*** Opening Data segment ***

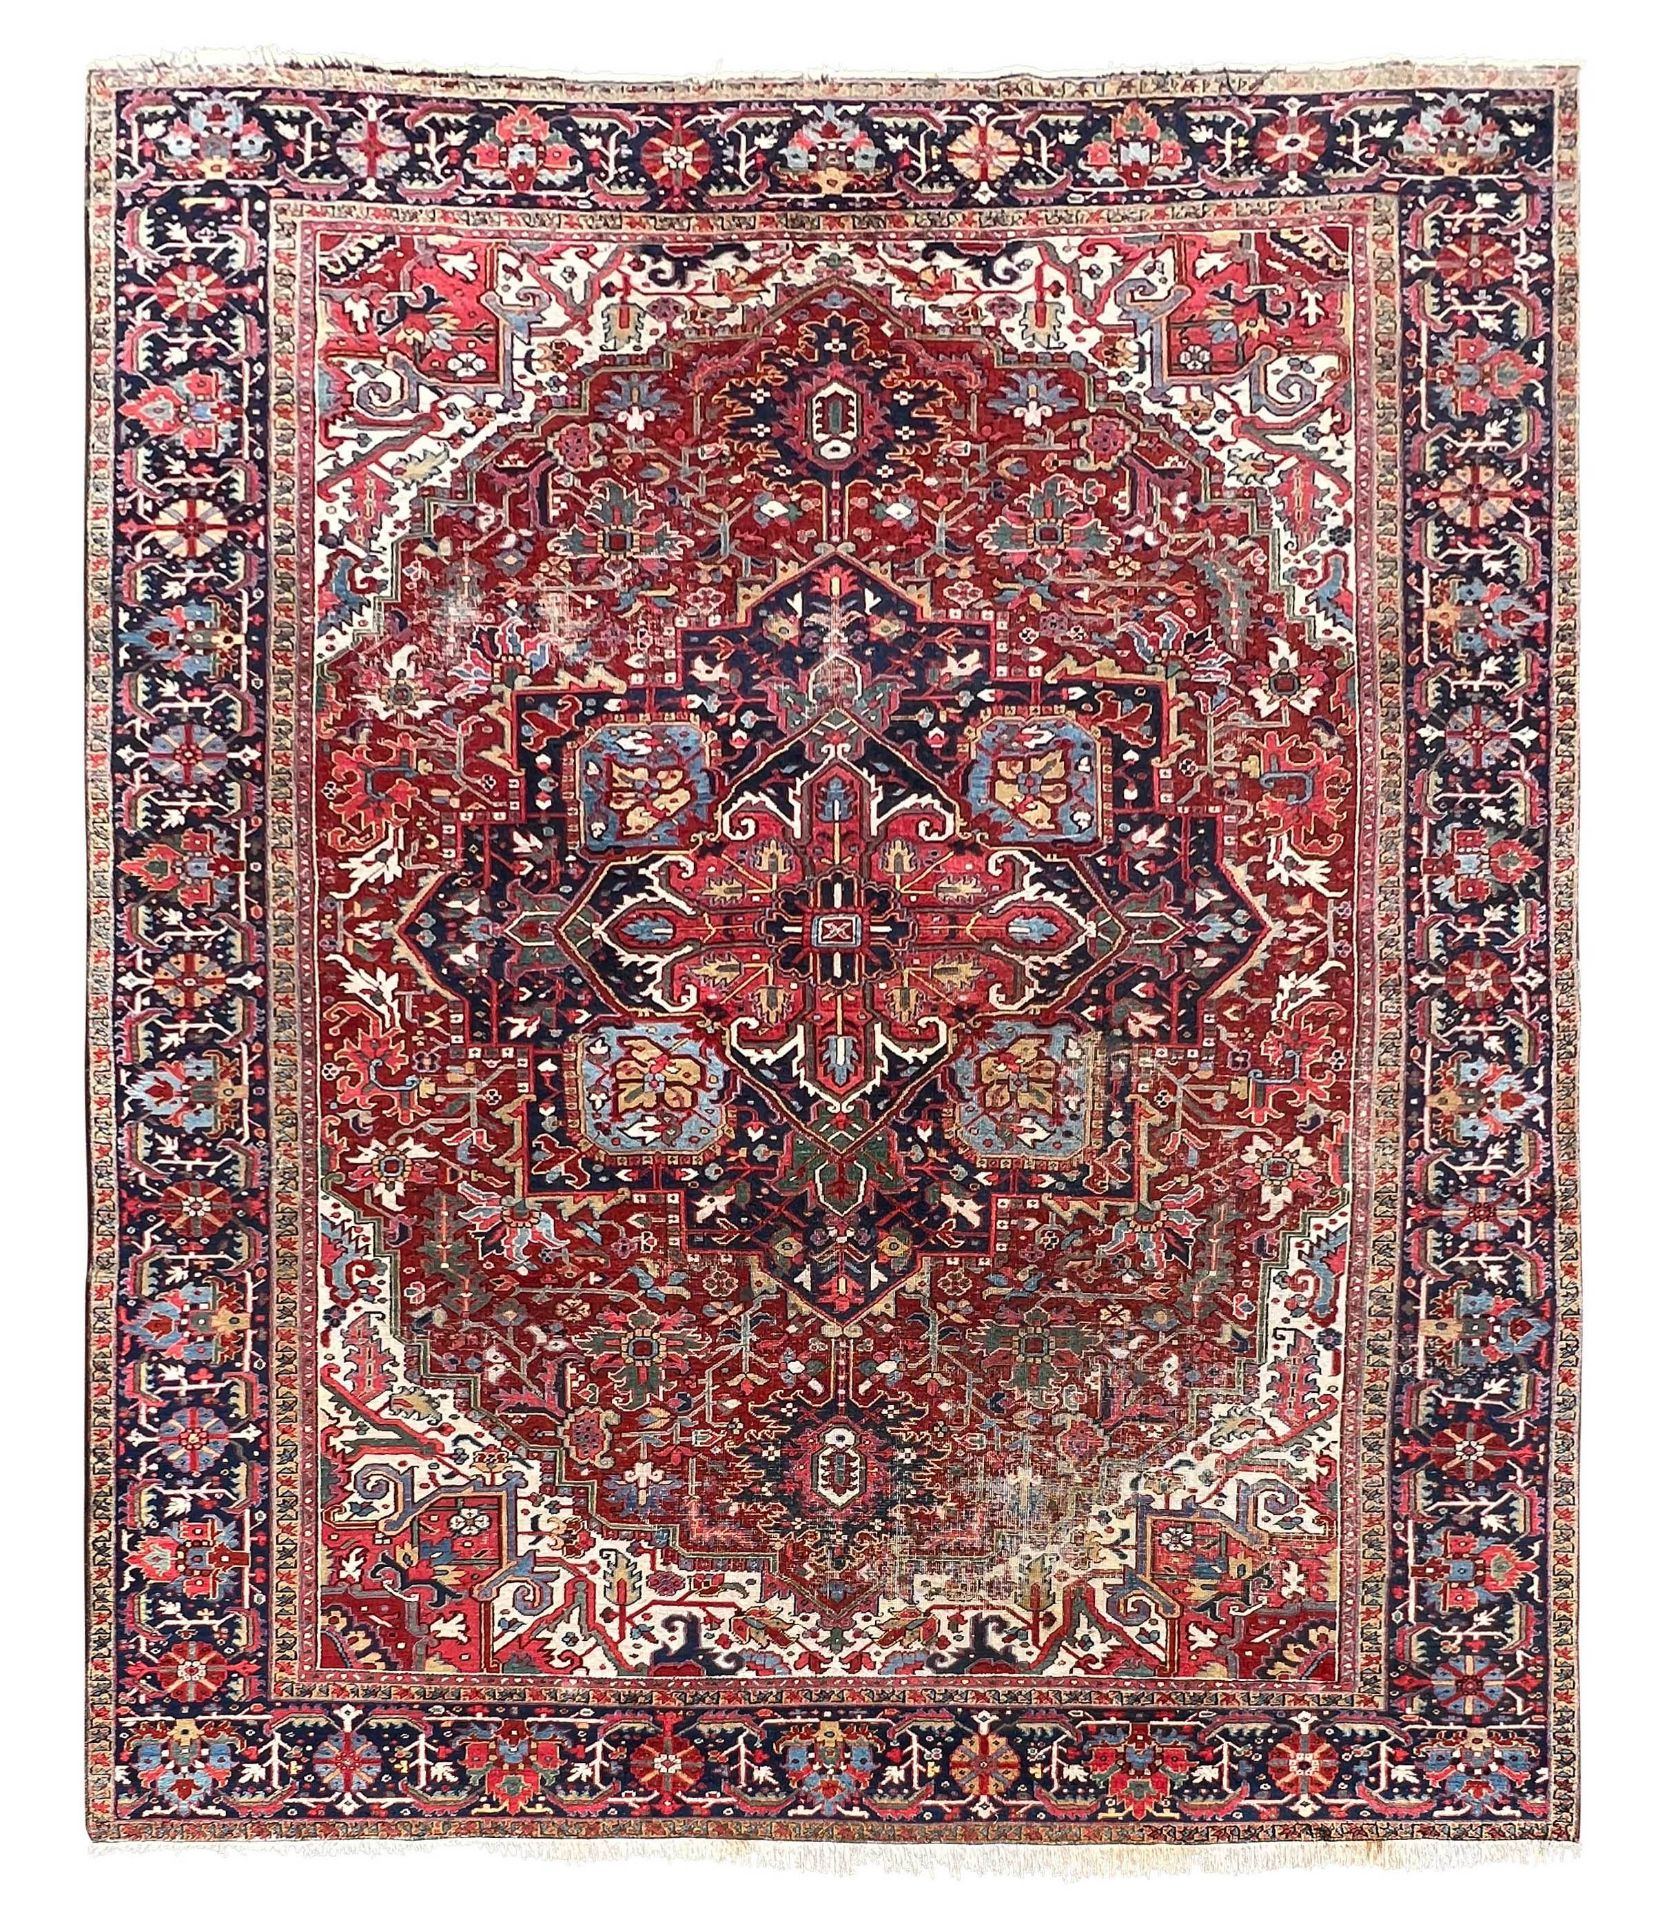 Heriz. Oriental carpet. Around 1910.
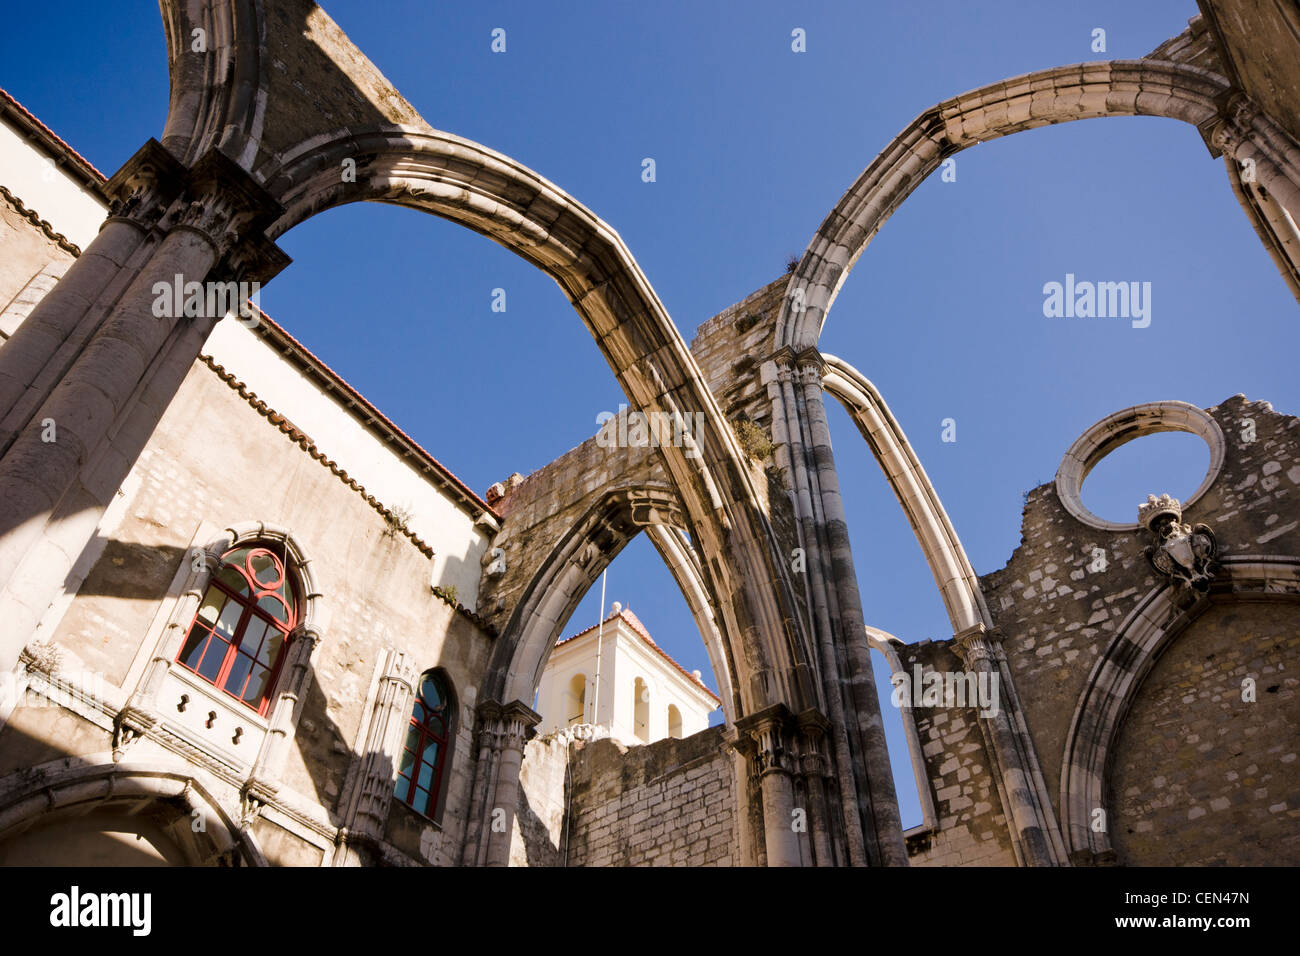 Convento do Carmo, a mediaeval convent ruined in the 1755 Earthquake. Lisbon, Portugal. Stock Photo
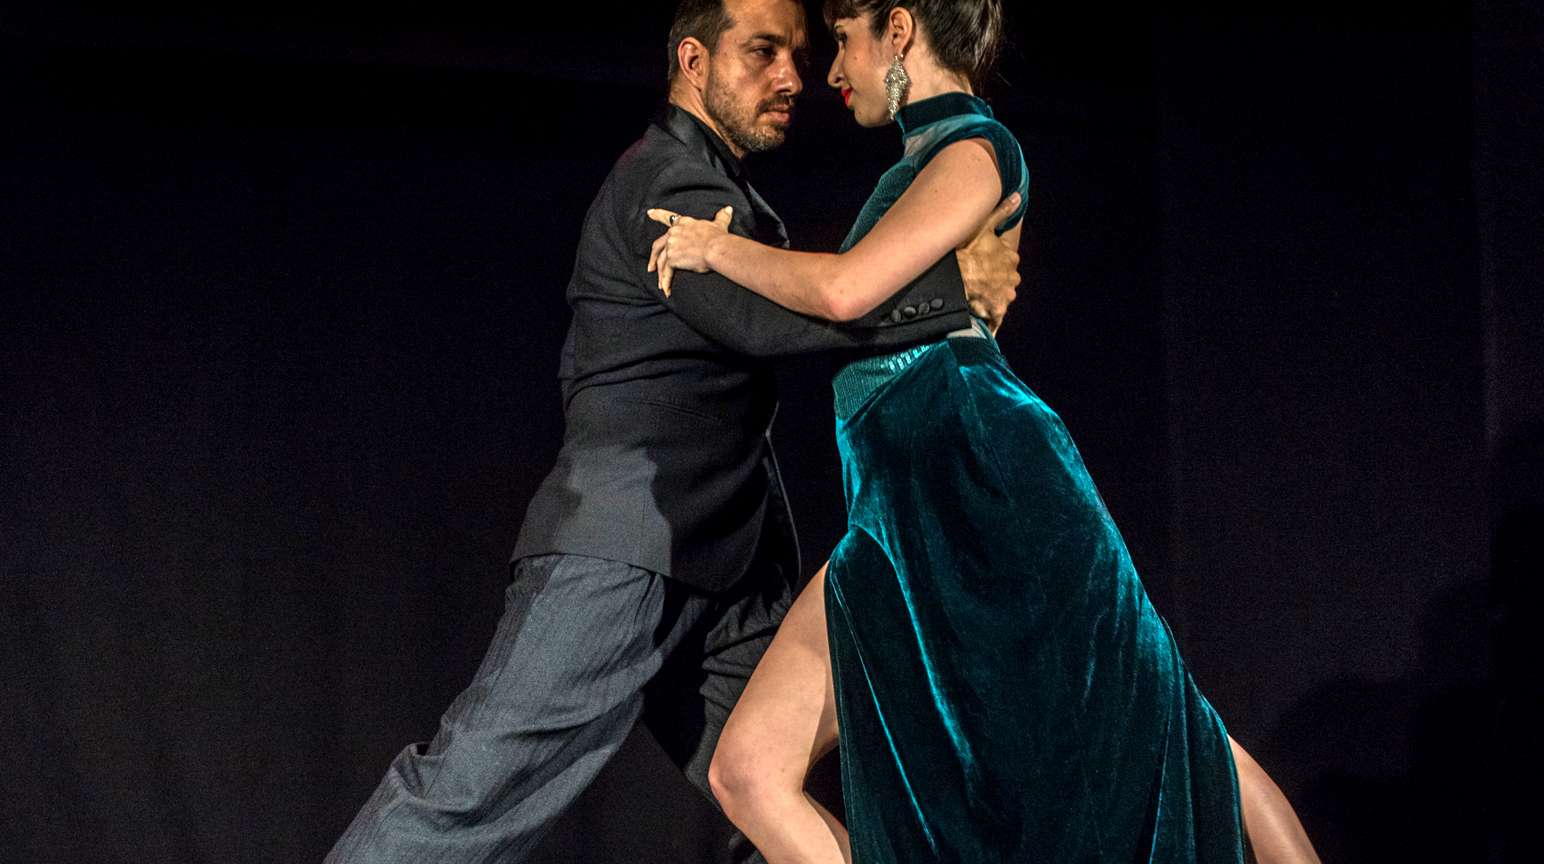 Ballare Tango Argentino a Milano
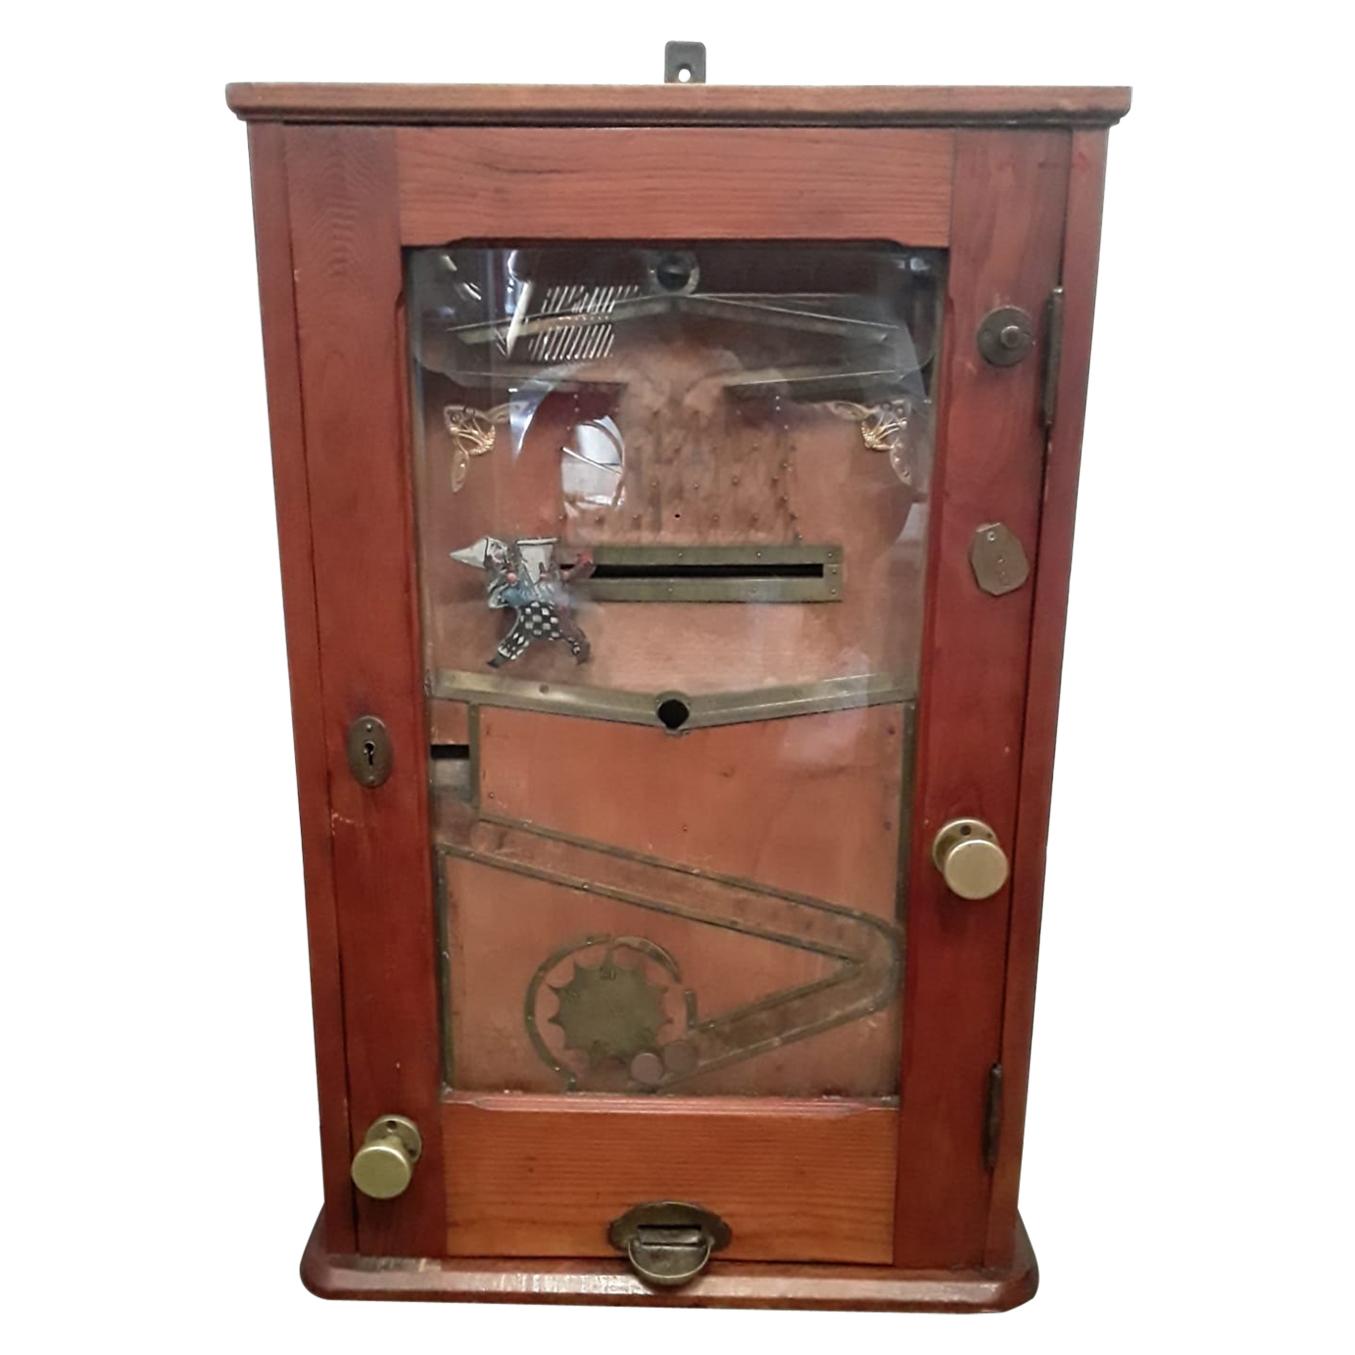 "the Bajazzo" Wooden Slot Machine, Art Nouveau Slot Machine

*** Closing Data segment ***

• [Task goal]:
Now repeat exactly the lines from the one with "Convento do Carmo, a" through the end of the listing above, both included, omitting all pictures.

• [Answer to this exercise]:
 Convento do Carmo, a mediaeval convent ruined in the 1755 Earthquake. Lisbon, Portugal. Stock Photo
 Ballare Tango Argentino a Milano
 "the Bajazzo" Wooden Slot Machine, Art Nouveau Slot Machine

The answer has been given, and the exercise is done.